By the time the three of us flew to Lincoln for the showdown with the Cornhuskers, the Cowboys were 4-0 and Sanders had rushed for 813 yards. With Gundy and Dykes along with the “War Pigs” offensive line, even with an average to slightly below average defense, Van Shea and I were convinced we were about to witness the break in the 28-year draught.
The early afternoon kickoff came under gray skies and surprisingly, even with TV restrictions having been taken away from the NCAA allowing for more games on television, this one wasn't.

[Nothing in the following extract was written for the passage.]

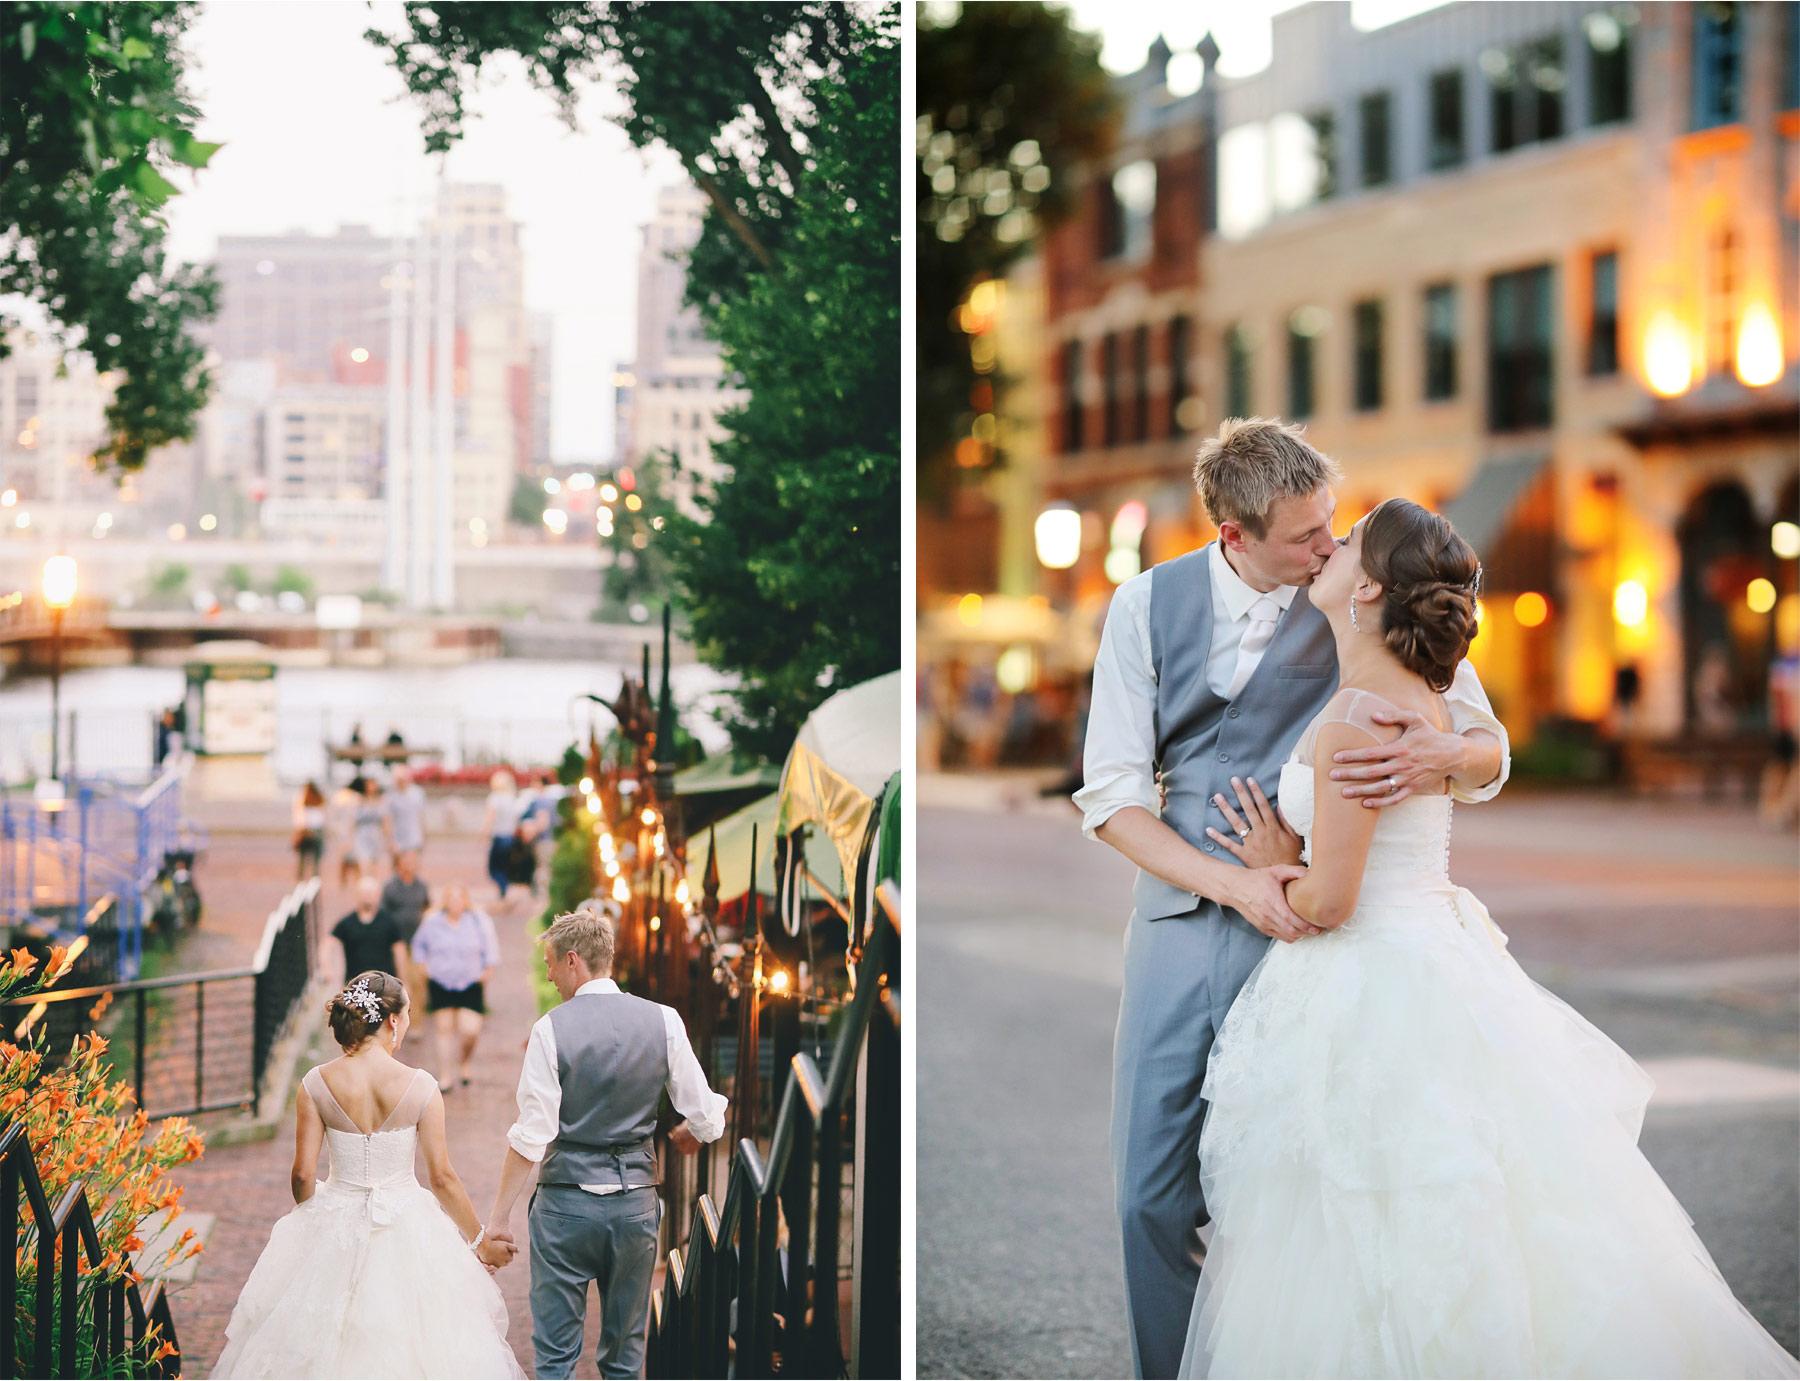 24-Minneapolis-Minnesota-Wedding-Photography-by-Vick-Photography-Saint-Anthony-Main-Brigid-and-Ernie.jpg

At Nebraska the games are so popular with the media that you are restricted to certain areas and you have to be down on a knee while shooting video on the field. I was happy to oblige by all the rules because of what I thought I was going to see. Besides, with Sanders, the end zone was a preferred shooting location as it was where a vast number of his runs ended.

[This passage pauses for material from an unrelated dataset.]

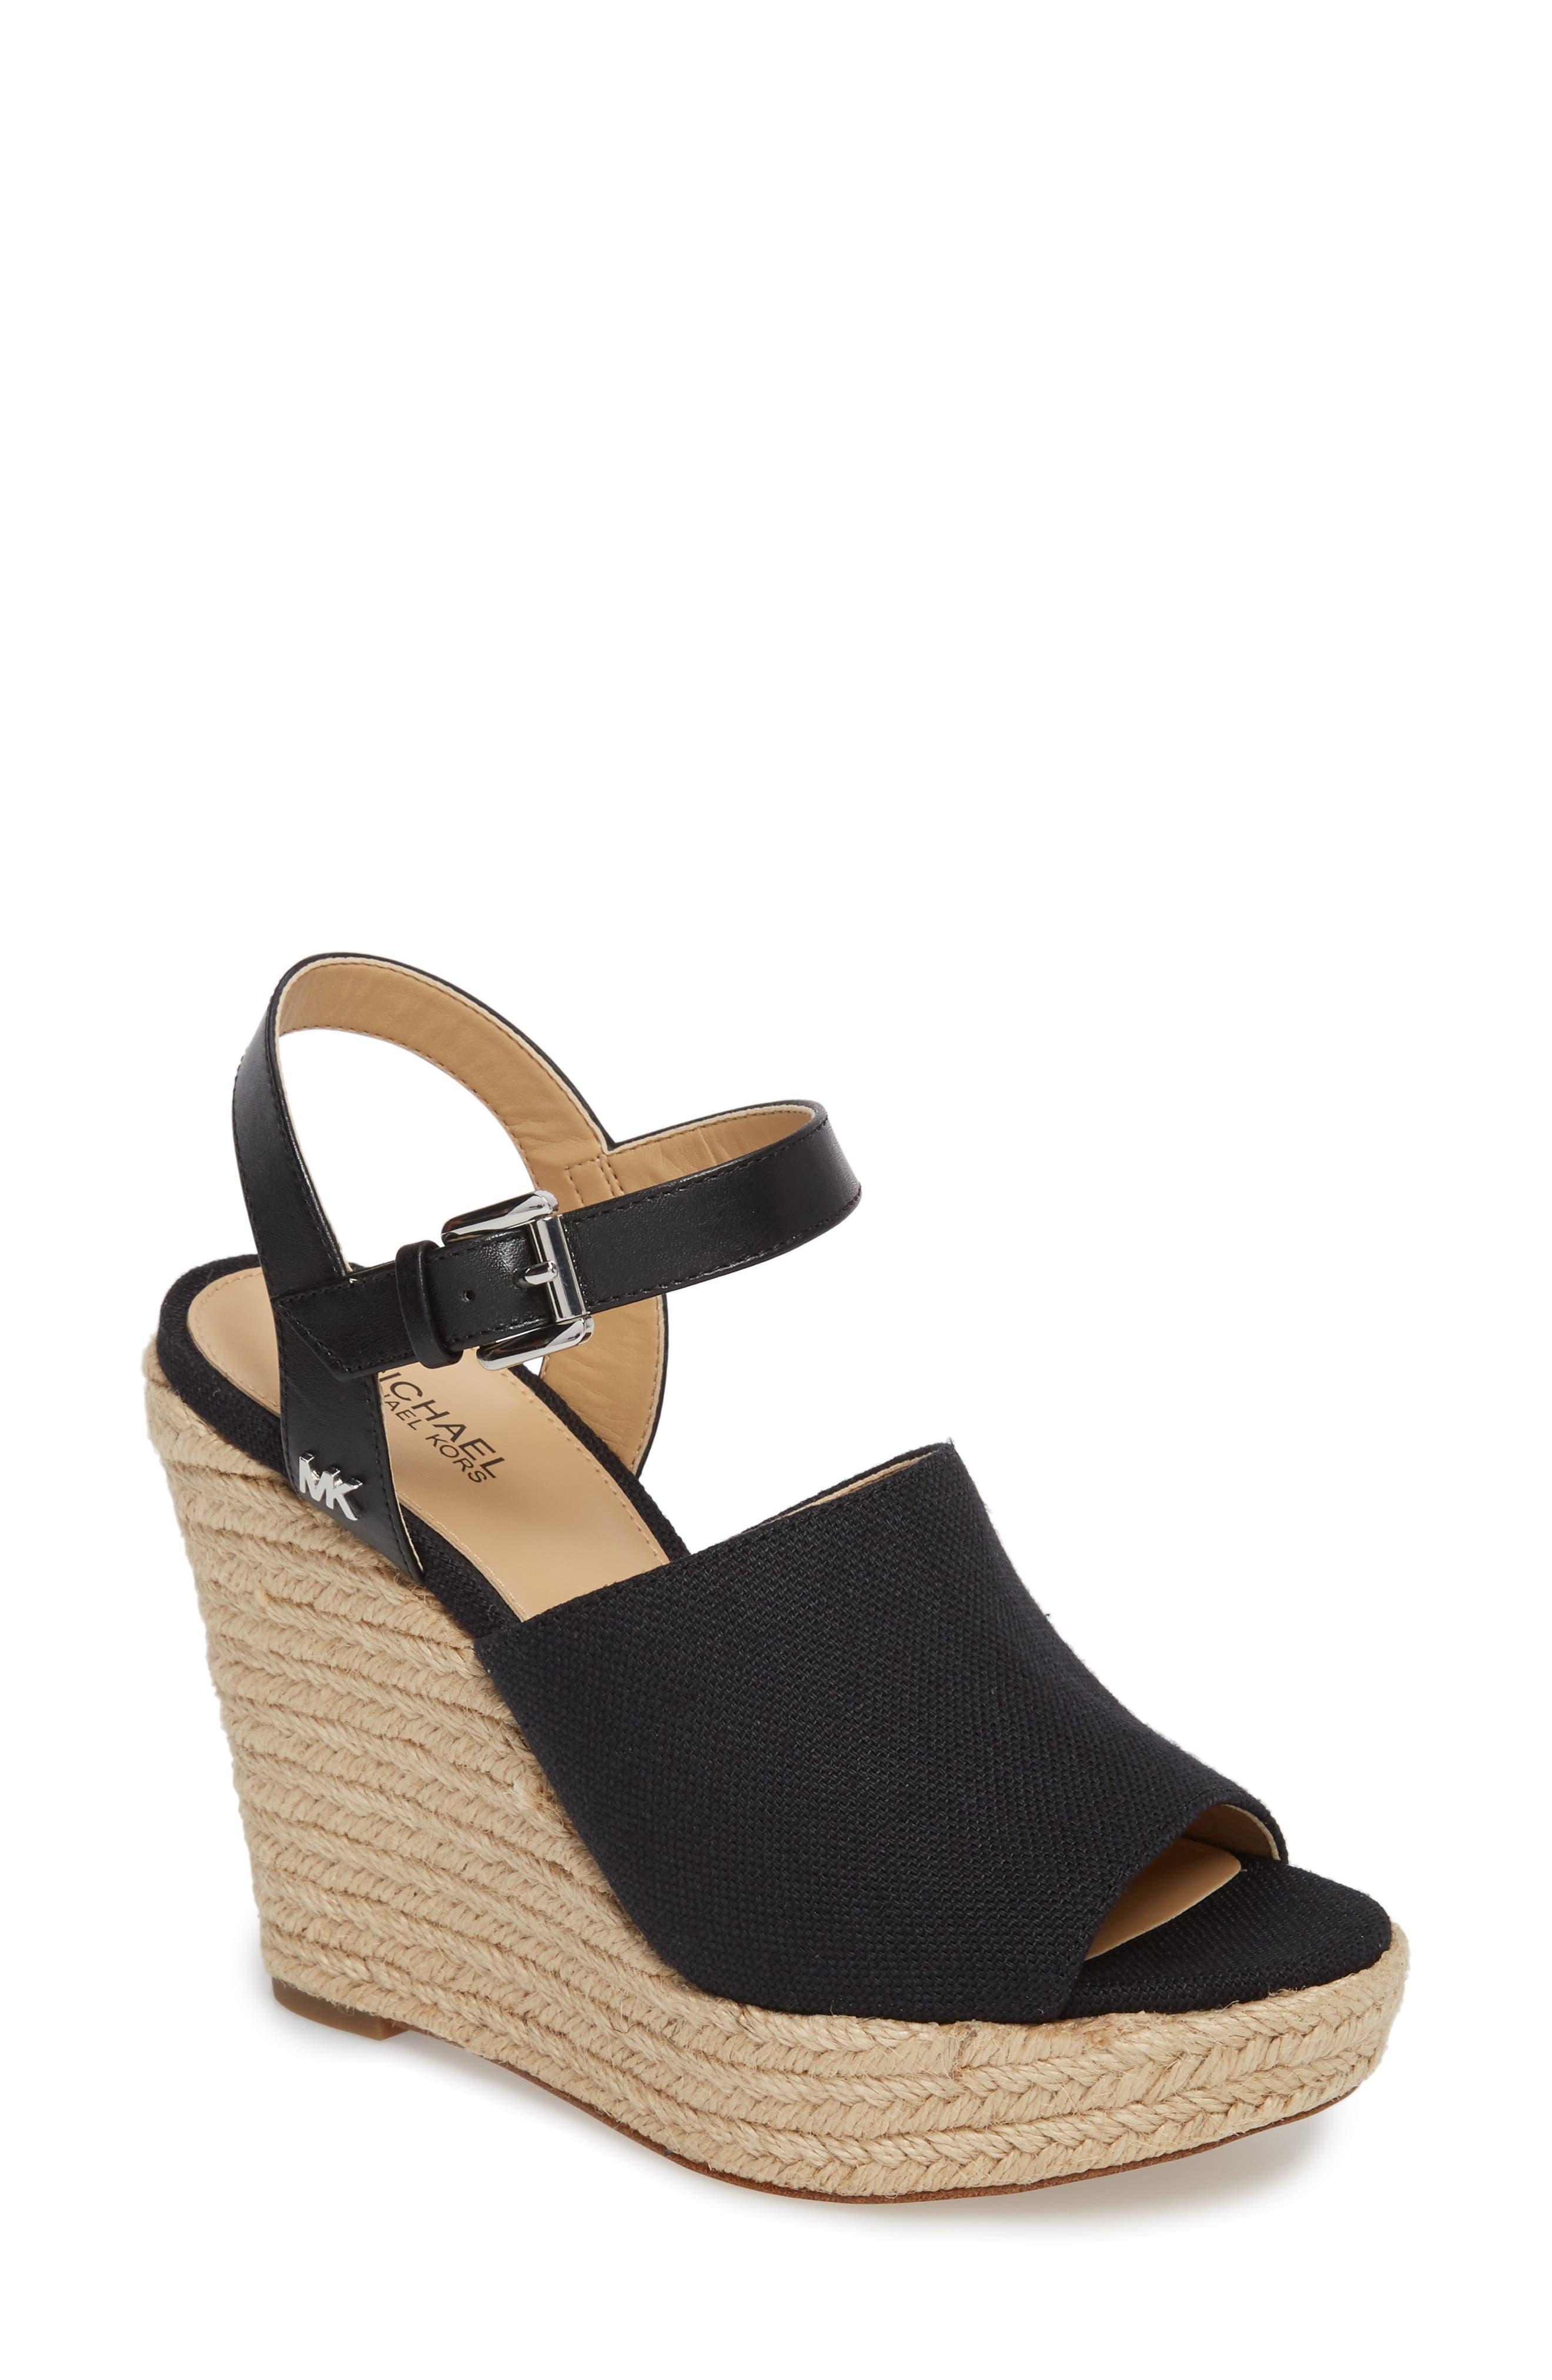 Penelope Espadrille Wedge Sandal,                         Main,                         color, 001

What we saw was a nightmare as the Cowboys turned the ball over several times early, including a Mike Gundy interception thrown deep in Nebraska territory as OSU was driving to try and tie the game at 7-7. Instead of an OSU touchdown, the pick was returned for a score by the Huskers. The Cowboys defense was absolutely outmanned. By early in the second quarter, Nebraska had taken a 42-0 lead.
I was younger and less mature in those days, so let's just say there was a degree of frustration built up, and it was about that time that the Nebraska marching band came out of the stands and started marching through the end zone from where we were shooting. I was already mad, but now was being kept from doing my job by band members that didn't seem to care. Van Shea could tell that I was about to erupt and I did, right as the tuba section was passing through. I didn't care, but the tuba players are the biggest members of the Nebraska, and probably any other band. I stood up and screamed for the band's equivalent of linemen to go around.

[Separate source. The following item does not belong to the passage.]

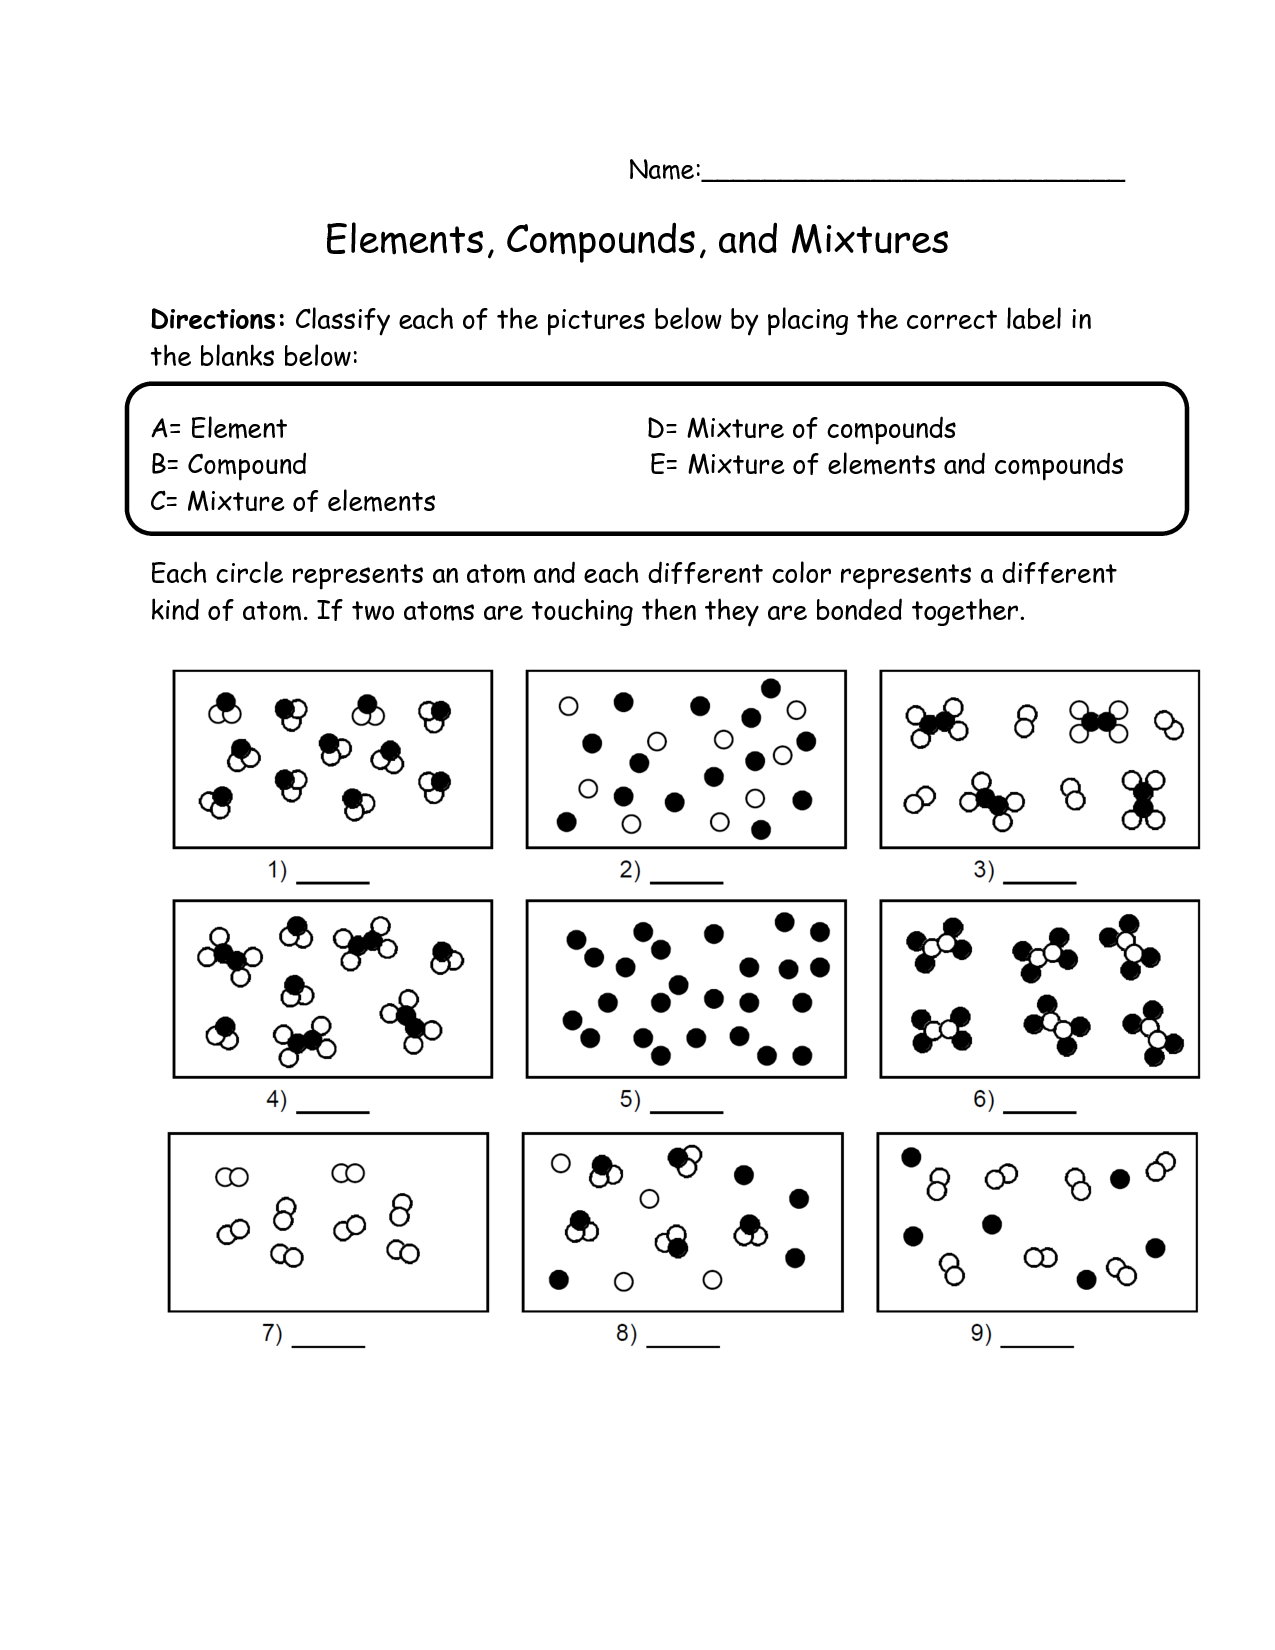 Elements Compounds And Mixtures Worksheets Davezan, Elements

It was about that time that Sanders scored his first touchdown. While Oklahoma State lost, Sanders put together some of his finest work of the season against the famed Blackshirts. There was one run in the third quarter in which Sanders ran one way, reversed field, juked several tacklers, came back his original direction, making several more defenders miss, before being taken down for the greatest six-yard run anybody had ever seen before  -- or since. It was so good the Nebraska fans gave it and Sanders a standing ovation right after the whistle blew.
Barry Sanders made the disappointing outcome bearable as he rushed for 189 yards. Those yards very well may have been his hardest earned of that Heisman season.
Tom Osborne, the great Nebraska coach, never substituted his Blackshirts despite leading at one point 42-0. In the end Osborne, later a U.S. Congressman and now the Huskers athletic director, proved he knew what he was doing. Sanders helped revive the Cowboys. He later had a run that to this day people believe covered 75-to-100 yards going back and forth across the field to gain 25 yards of positive yardage.
Nebraska won 63-42 in a game that set the record for most points scored in Memorial Stadium. The 42 points by the Cowboys were the most scored by a Nebraska opponent in Memorial Stadium at that time. Who would have ever thought 42 points with Barry Sanders on your side wouldn't be enough. It wasn't and the Husker tuba section cost me video of the only touchdown of the 39 Barry Sanders scored that season that I didn't capture on tape.